Thursday, 18 September 2014

Clarifying why voting is a placebo


A few of the public and private responses I received recently suggest I might need to clarify some of my central ideas about voting. It’ll be my pleasure.

While I don't think politicians or politics truly matters in the long run, this by no means suggests I don't care about the future of New Zealand. I care deeply and want to see it succeed in every way possible.

But apathy isn’t the same thing as taking a wider view of the system in which I live. What I've discovered is that no one in power truly has power. At least, not in the way that everyone else thinks they do.
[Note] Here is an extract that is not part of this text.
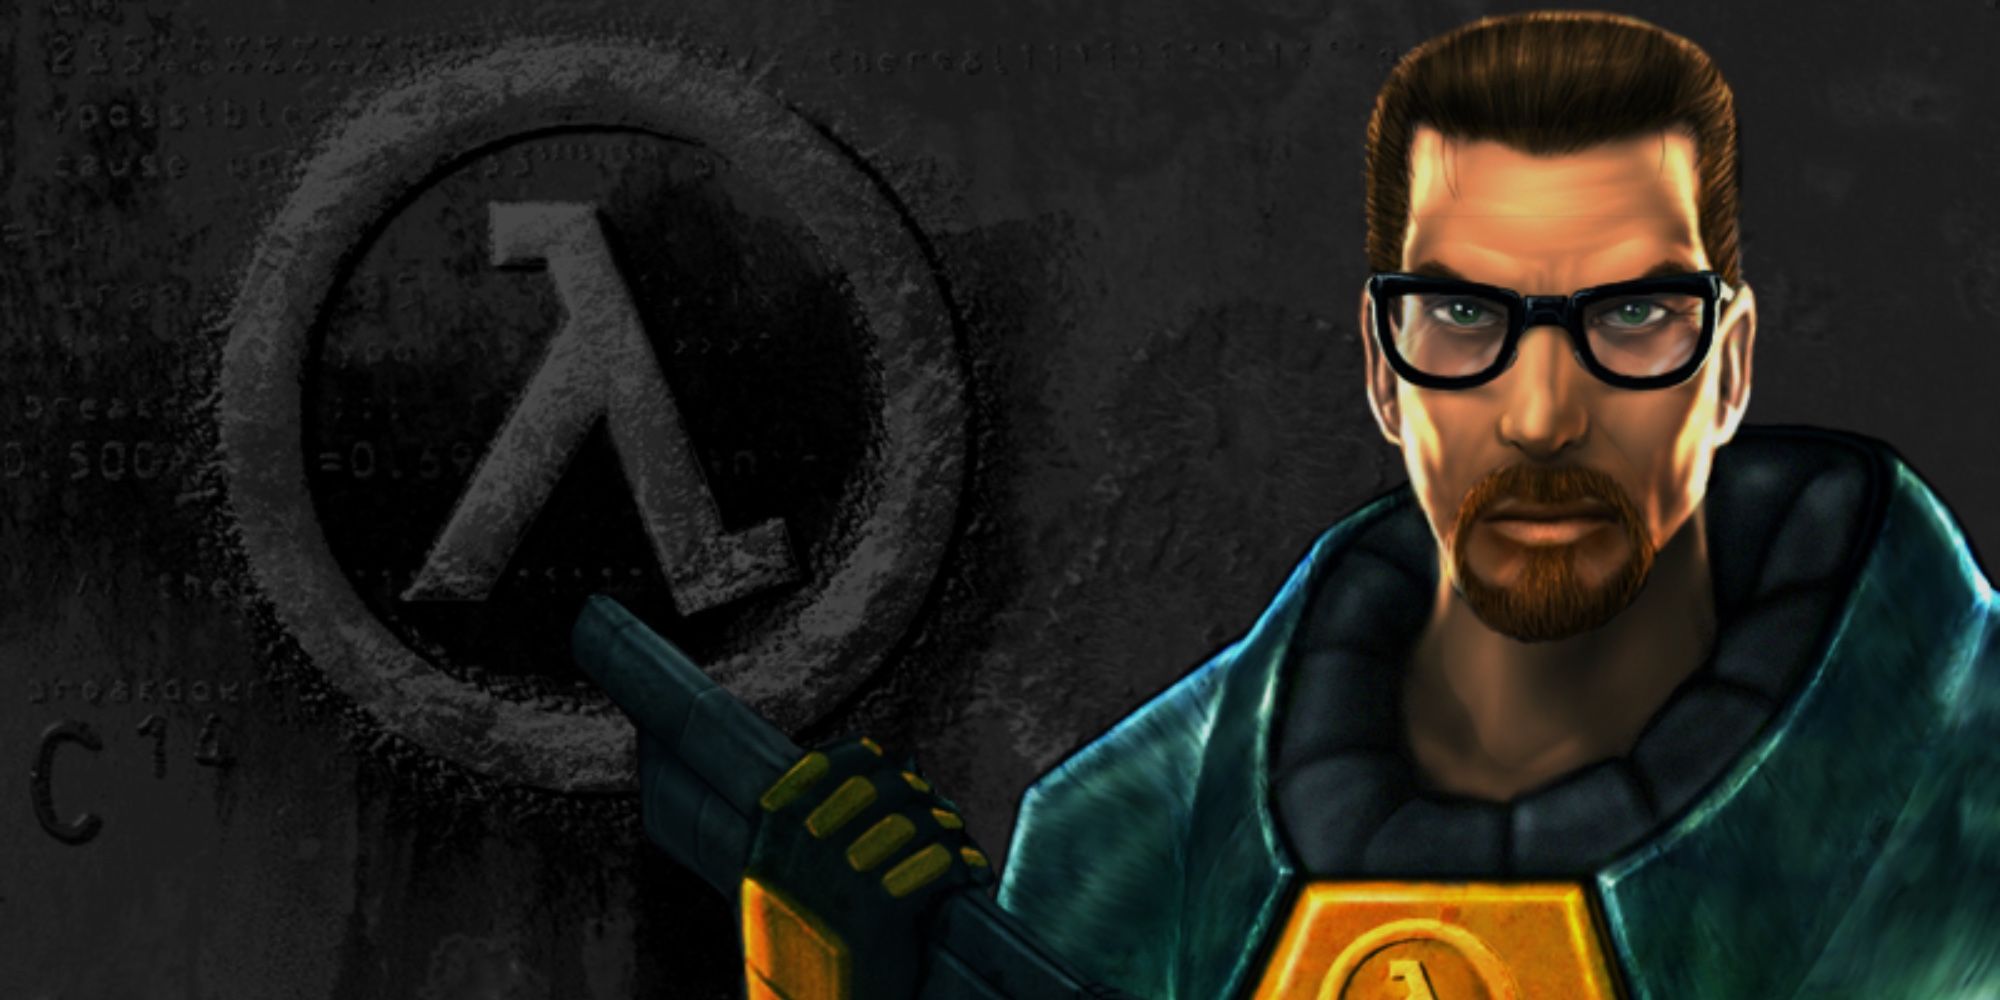 Perfect Gaming Characters - Gordon Freeman - Iconic look of the protagonist from Half-life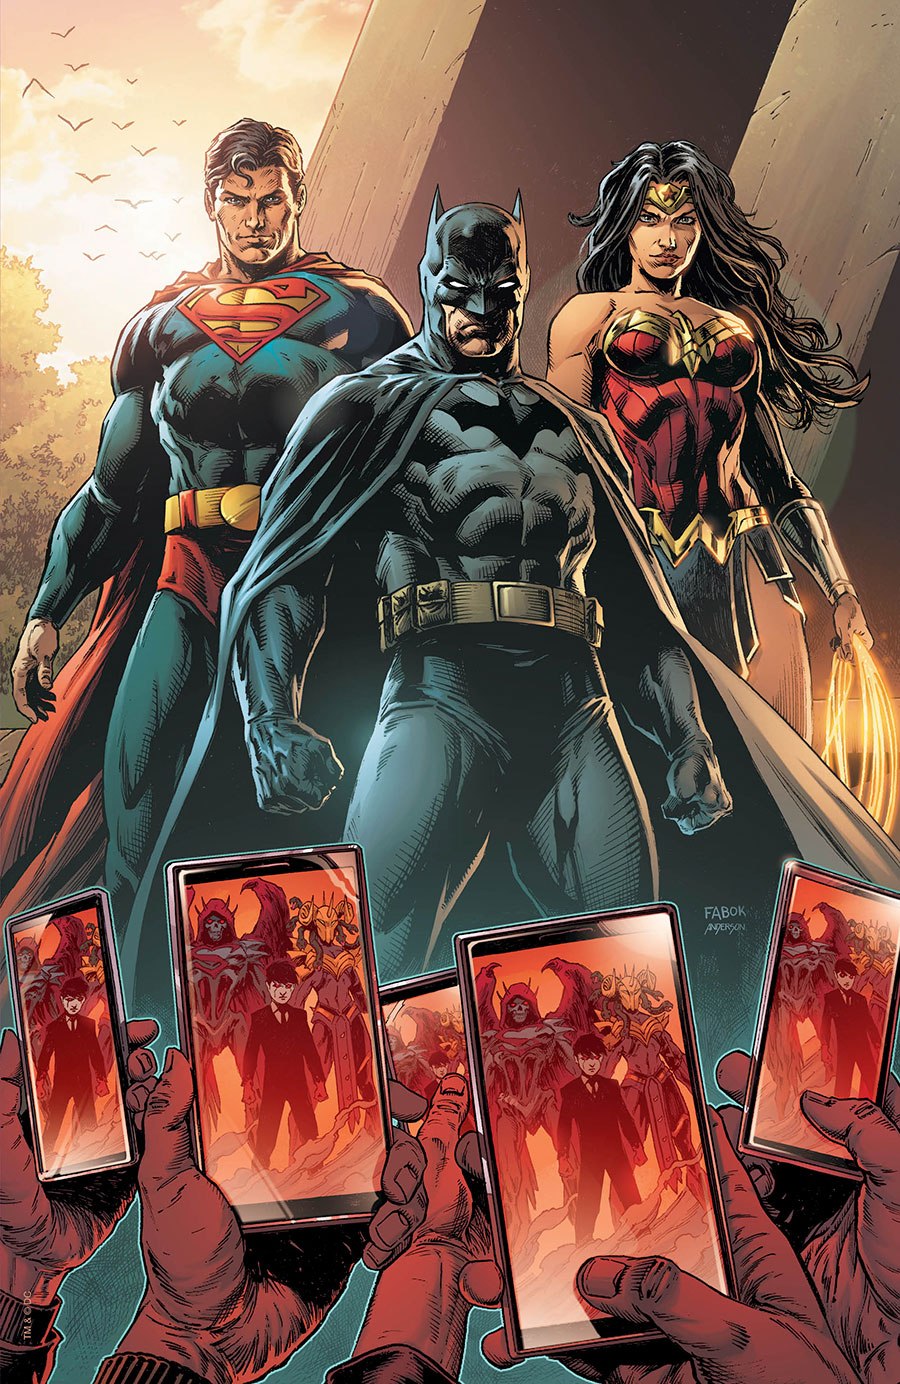 SCOOP: DC Has 3 Free Comic Book Day Titles Including Dawn Of DC

Being elected the leader in a country like New Zealand will never allow that person to do whatever they like. Seeing this as the political reality keeps me immune from personalities and election promises after they’re measured against New Zealand’s imperatives.

It’s not about implicitly supporting the status quo of a National-led government. I support policies which advance our nation and are drawn from an understanding of our nation's strategic and economic imperatives. All political parties will complete these imperatives, as I pointed out in my previous article, otherwise the country fails.

Again, the government isn't the problem here. The government is essentially a steward of the nation as the economy drives itself forward. Even the analogy of driving isn’t entirely accurate. All a government can do is respond to the continued evolution of an economy, it doesn't drive it.

Despite the claims that National has “all but destroyed" New Zealand, that’s not true in the slightest. I take that as political poetry because there’s very little evidence for it.

But I think we can rely on our institutions. Freedom of speech, the judicial system, right to a fair trial, democratic ideals, the social contract, private property, intellectual property, scientific progress, toleration, liberalism, religious freedom, secular schooling, individualism and many others are all very robust in New Zealand.

One needs only look at our national competitors to see how strong our institutions really are. Sure, there's room for improvement, there always is, but the core values remain intact.

Besides, any government of the day, in a country with robust institutions like New Zealand, has an extraordinarily low amount of influence on changing those institutions. 

While I couldn't agree more that the spectrum of politics has many shades of grey, the spectrum I was talking about was not the political spectrum.

I was referring to the concept of national imperatives. These fall into a bandwidth in which the options for advancing the economy of a country are constrained by the population, geography and technology of that country.
 
For instance, New Zealand will never have enough resources to float a true blue water navy to rival the United States' navy. And America can leverage their population and geography to send spacecraft to the moon, but Mali will never be able to that.

In the same way, New Zealand cannot create an economy out of low cost labour, but China can. Yet China can't make an economy flourish out of exporting almost strictly dairy products, but New Zealand can. And so it goes. 

These are the constraints facing every government. If they want to stay in charge of a viable country, they will quickly recognise these constraints and act accordingly. All they're doing is pulling the correct levers whenever the appropriate time arrives.

On a long enough timeline, there's nothing special about particular governments. They all end up doing the things necessary for a country's vitality. Even when the policies seem stupid or shortsighted, it pays to test them against the country’s national imperatives and constraints to see if they're actually important or unimportant in the big scheme of things.

Generally, stupid policies turn out to have incidental or marginal effects for the country in question. How else can you explain why the economy continues to grow despite the constantly changing governments?